На улочках, ведущих к площади, стали снова появляться крестьяне. Они шли медленно, с опаской. Но скоро толпа сгустилась и площадь снова зашумела.
Джеордже опасался новых стычек и с опаской поглядывал на Журку, занятого разговором с Арделяну. Потом Журка обернулся к Мохаю и попросил его раздобыть где-нибудь стол, с которого можно было бы говорить. Гул голосов нарастал, слышался скрип телег, мычание коров. И все же прошло больше часа, пока все собрались.
Джеордже немного волновался. Он не мог собраться с мыслями, решить, как начать выступление, и, помимо всего, сомневался в своих ораторских способностях. Стараясь найти в толпе односельчан, он часто наталкивался на их окровавленные, угрюмые и пьяные лица. Но преобладали незнакомые, и все они казались ему серыми и удивительно похожими друг на друга. «Может, и души у них похожи, — думал Джеордже. — Знаю ли я их, может быть они хотят чего-то другого? Ясно одно — правда на их стороне, и я должен… я должен прожить долго, чтобы она стала и моей правдой».
Журка вскарабкался на стол, попрыгал, проверяя, выдержит ли, и соскочил на землю.
— Здесь плохо, — сказал он. — Люди тебя не увидят… Пойдем к памятнику.
Джеордже шел за секретарем, по-прежнему взволнованный. «Через две минуты я буду говорить, я должен буду найти слова, выражающие их правду», — думал он.
В скверике, окружавшем статую, две женщины и трое мужчин, стоявших на коленях вокруг убитого, растерянно посмотрели на вновь пришедших и прекратили свои причитания. Мохай вгляделся в посиневшее лицо убитого.
— Это Саламон, самый богатый человек в Зеринде. Фашист, — довольно громко сказал он Арделяну.
Джеордже попытался забраться на пьедестал, но это ему удалось не сразу. Мешала культя. Тогда Журка нагнулся и подсадил его.
— Покороче и попроще, — прошептал он. — Экспроприация, общие интересы румын и венгров. Потом я тоже скажу.
Джеордже чувствовал спиной мощные и удивительно холодные ноги статуи. При каждом движении голова его ударялась о патронташ героини. Он попытался начать, но голос пропал, последовавшее за этим мгновение показалось ему вечностью, и он совсем растерялся. Вытаращенные глаза убитого, казалось, следили за ним снизу, женщины в страхе молчали. Из-за шеренги рабочих смотрел на него с телеги Урсу, за спиной Гэврилэ плакала, прикрыв платком глаза, Мария, неподалеку сгрудились крестьяне в венгерской одежде.
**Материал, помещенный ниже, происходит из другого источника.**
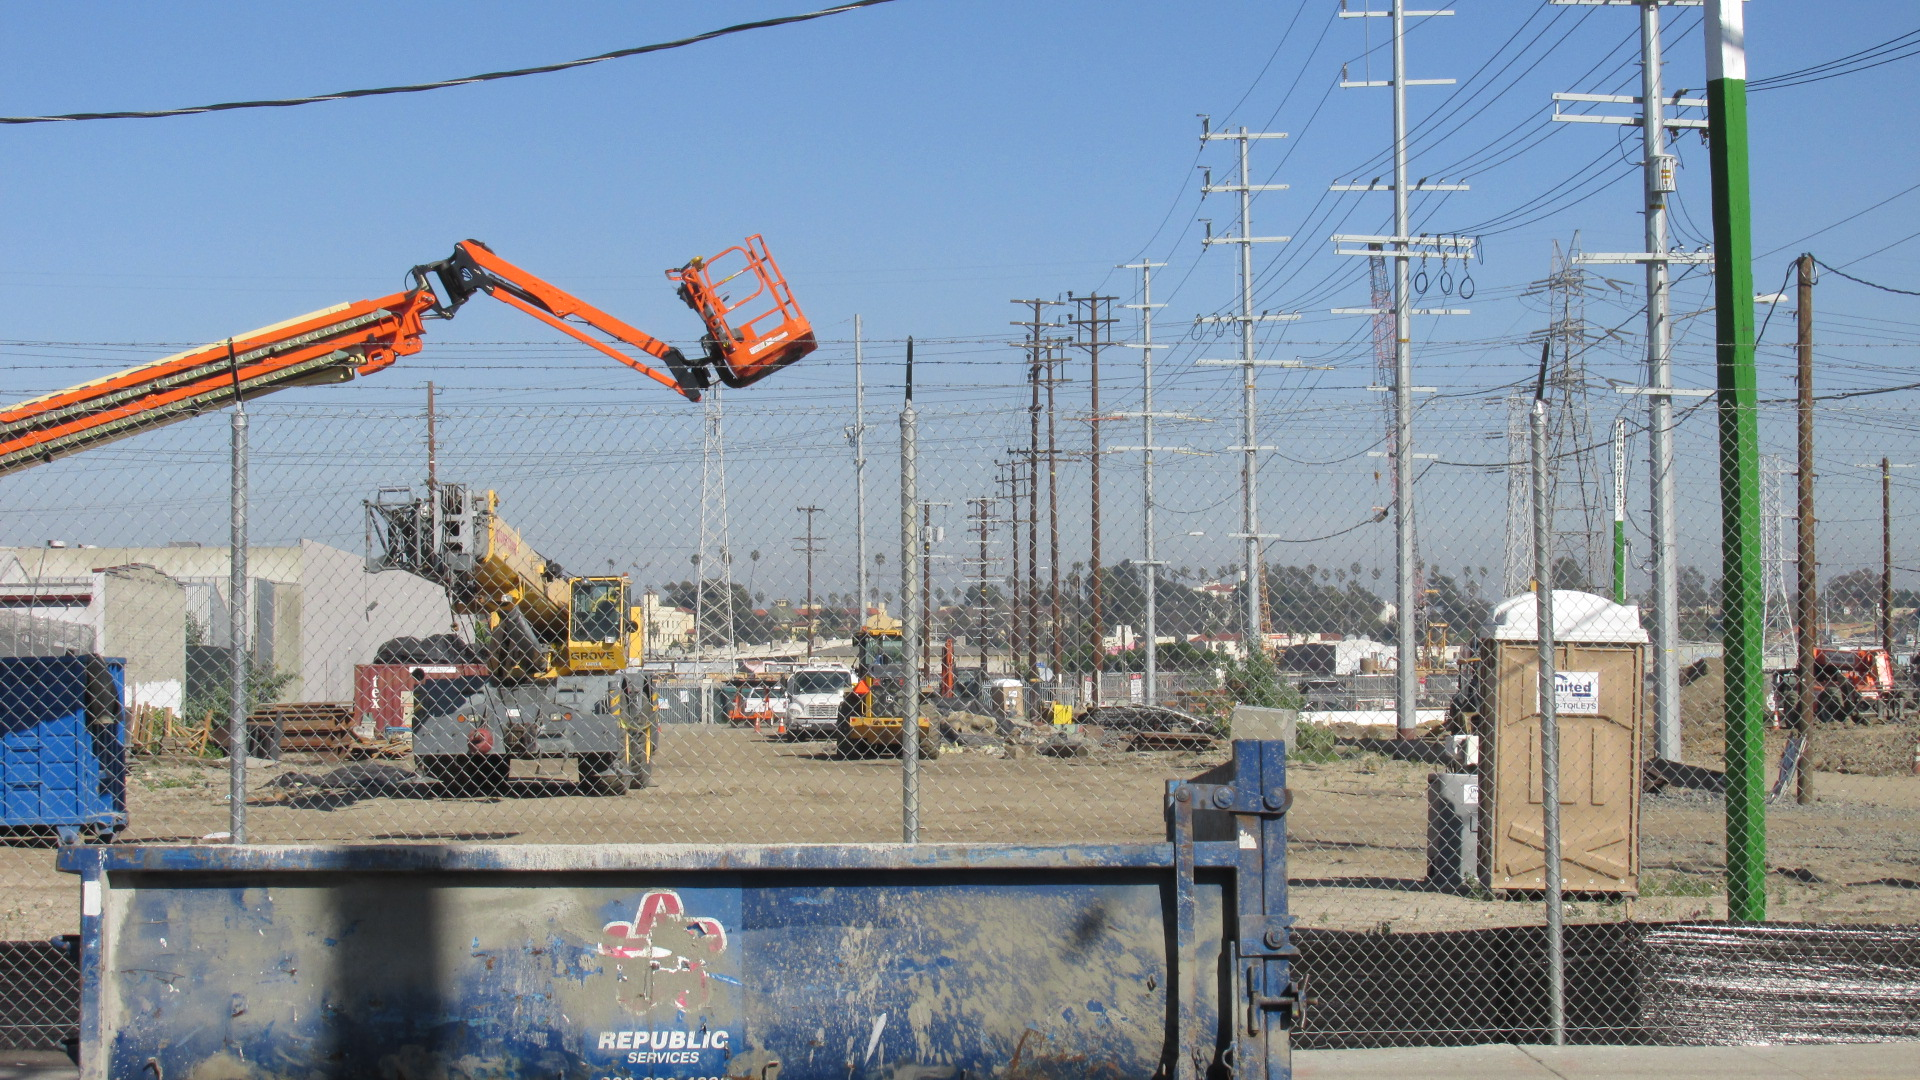 B6 1703 12 Orange Crane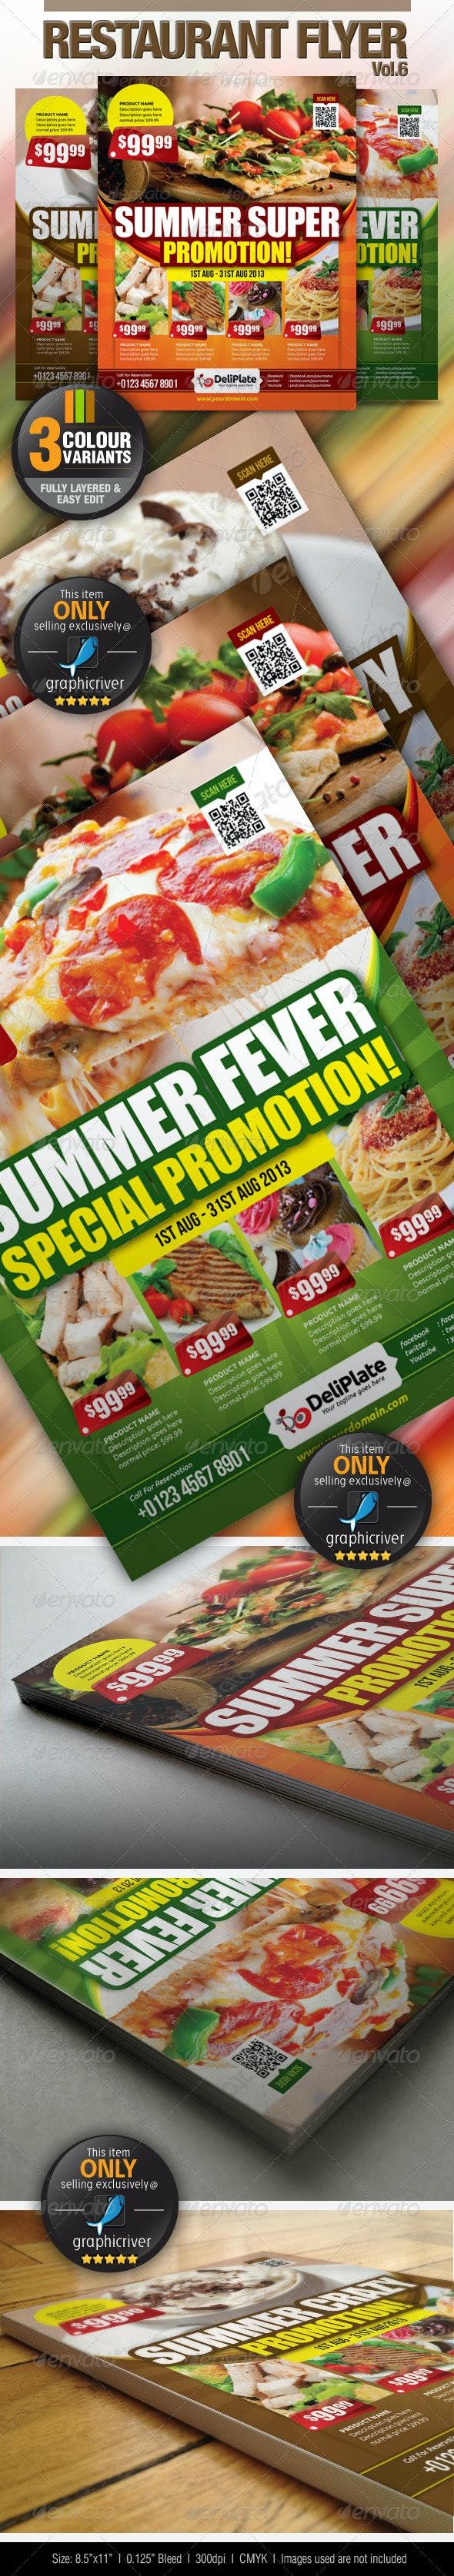 Restaurant Flyer Vol.6 - Restaurant Flyers

— Товарищи, — начал Джеордже, — и голос показался ему чужим. — Все мы воевали… Все пережили страшные трудности, видели кровь и нищету… Нас не оставляла мысль, что так больше не может продолжаться, что должна начаться другая жизнь…
Площадь вдруг разом загудела, нарастал глухой ропот, кто-то кричал, размахивая кнутом.
— Полчаса назад здесь пролилась кровь. Здесь, на этой площади, дрались брат с братом, не зная за что, а теперь все вы стоите рядом, сдерживая горечь. Румыны и венгры, трудившиеся на одних полях, поднялись друг на друга. Почему?
Толпа волновалась, какой-то крестьянин, крича и расталкивая соседей, пробился к подножию статуи.
— Не гневайтесь, господин директор, только не слышно ни одного слова.
Джеордже улыбнулся, и ему вдруг стало весело. Вот оно что, значит — дело не в словах. Он закричал во весь голос, чуть не потеряв равновесия:
— Дорогие товарищи! Имение барона Паппа будет разделено по закону нашего правительства и в соответствии с программой румынской коммунистической партии!..
Да, теперь слова его дошли до народа… Через мгновение ничего нельзя было разобрать. Площадь кипела, люди что-то кричали, стараясь вплотную подойти к памятнику. И снова лица их показались Джеордже поразительно похожими друг на друга. Он чувствовал огромное облегчение и не думал слезать с пьедестала. Хотелось есть. Эмилия, должно быть, уже узнала о событиях на площади и беспокоилась. Старуха? О ней он старался не думать. В волнах, пробегавших теперь по этому морю голов, не было ничего угрожающего, они спокойно и плавно прокатывались из конца в конец.
Неожиданно Джеордже заметил в толпе Митру. Он неподвижно стоял у края площади, нагруженный подушками и одеждой, рядом с ним возвышался навьюченный вещами Глигор и еще кто-то. Джеордже хотел было спуститься на землю, но не смог. На пьедестал влез Журка.
— Товарищи, — закричал он таким мощным голосом, что у Джеордже зазвенело в ушах. — Земля не была поделена по вине бандита, который занимает до сих пор место коменданта. Долой его! Долой прихвостня барона!